- Legality of cannabis in the United States (2023)
- Status: Legal for recreational use Legal for medical use Illegal

= List of 2023 United States cannabis reform proposals =

The year 2023 began with several state efforts to legalize adult-use or medical cannabis, despite an apparently stalled federal effort to do so. A cannabis industry executive predicted that at least two states would enact adult-use reform in 2023, with the most likely states to legalize being Minnesota, Pennsylvania and Ohio. Cannabis eradication for outdoor grows continue in states where the plant is both illegal and legal. Raids in Connecticut, Indiana and Nevada County, California are conducted by helicopter by the state police and National Guard units.
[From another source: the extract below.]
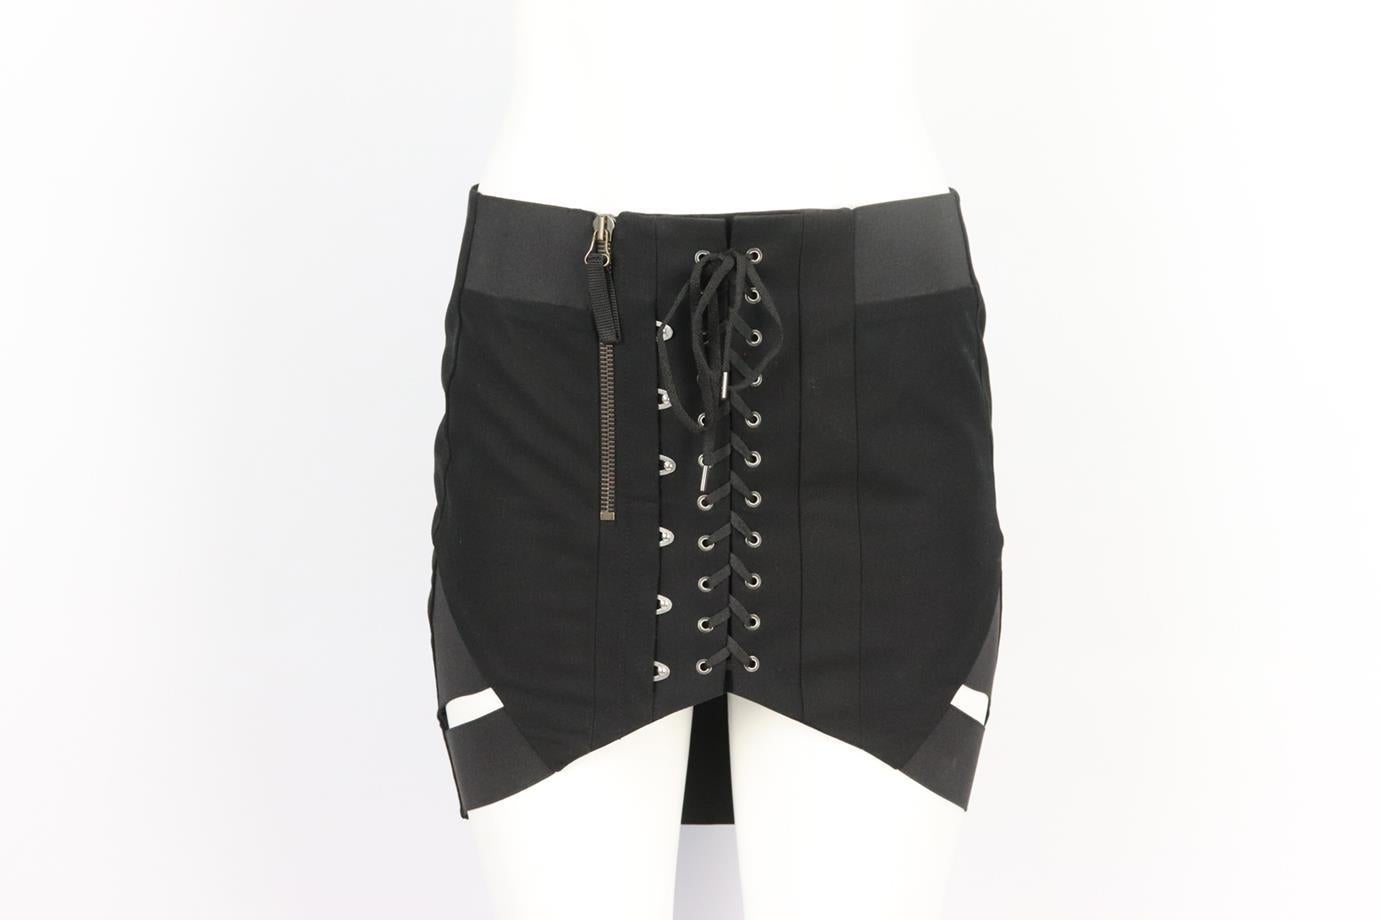 Anthony Vaccarello asymmetric lace up wool mini skirt. Black. Zip fastening at side. 100% Wool; trim: 100% zamac. Size: FR 36 (UK 8, US 4, IT 40). Waist: 30 in. Hips: 34.8 in. Length: 16.4 in. Very good condition - No sign of wear; see pictures.

2023 Oklahoma State Question 820 was rejected by over 60% of voters, the largest margin of defeat for a legalization measure since the beginning of the Green rush.
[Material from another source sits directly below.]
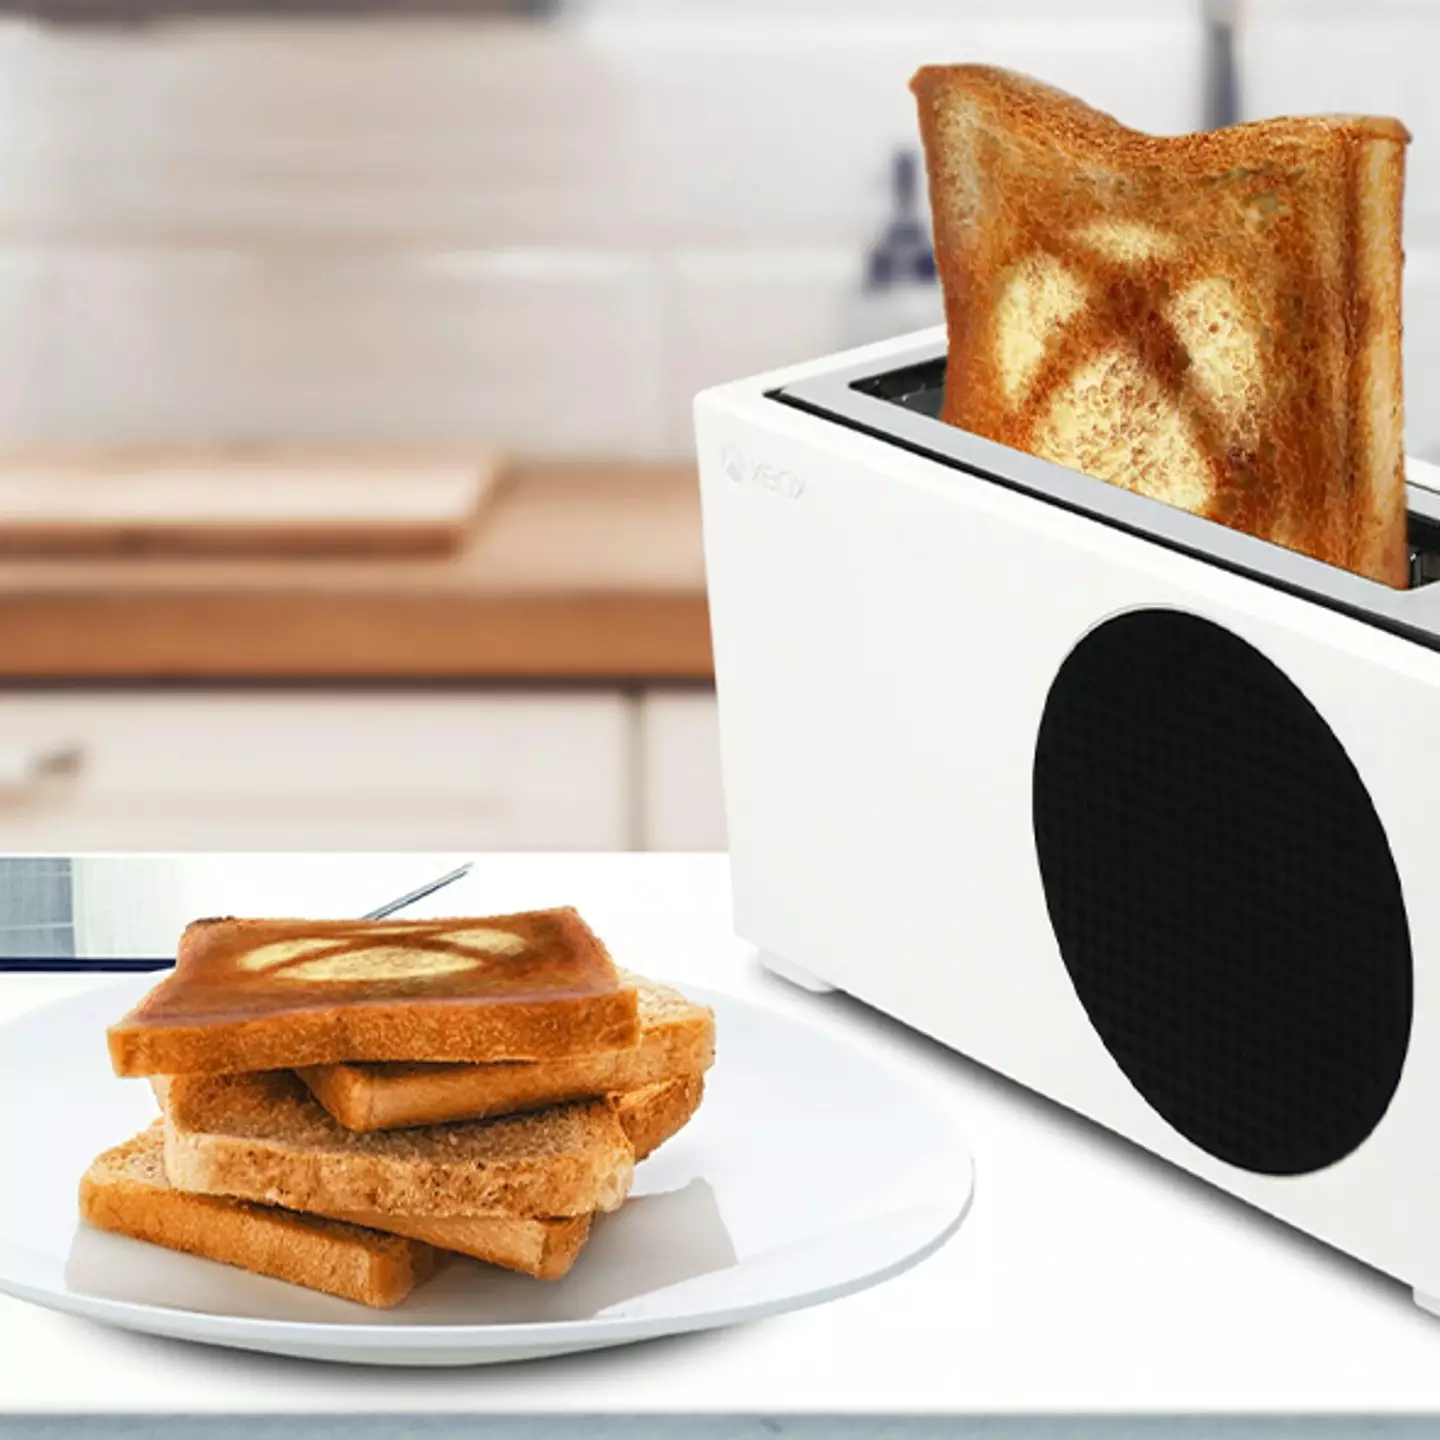 Walmart reveals the Xbox Series S toaster with the ability to imprint the Xbox logo on your toast

Voters approved 2023 Ohio Issue 2 in November, making Ohio the 24th state to legalize adult use, post-prohibition.

==Federal==
===Legislation===
HR 610, the "Marijuana 1-to-3 Act" to reschedule cannabis to Schedule III of the Controlled Substances Act was introduced by Greg Steube (R) on January 27. It was referred the Committee on Energy and Commerce.

The Industrial Hemp Act was introduced on March 23 by Jon Tester (D) and Mike Braun (R). It would ease hemp regulations for farmers that were created with the 2018 Farm Bill.

Veterans Equal Access Act was introduced by Senators Earl Blumenauer (D) and Brian Mast (R) in March. It would allow Veterans Administration doctors to recommend cannabis to patients in states with medical cannabis programs. (Note: Because of its Schedule I status, cannabis can be recommended but not prescribed in the United States.) Disabled American Veterans, a Veterans Service Organization, released an article in support of cannabis in the July/August 2023 edition.

The PREPARE Act, introduced in 2022, was reintroduced on April 14 by Republican representatives Dave Joyce and Brian Mast, with House Minority Leader Hakeem Jeffries. It would create a federal "Commission on the Federal Regulation of Cannabis" to study regulatory and tax frameworks for legalization, and direct federal departments to do so as well, with a report due in one year.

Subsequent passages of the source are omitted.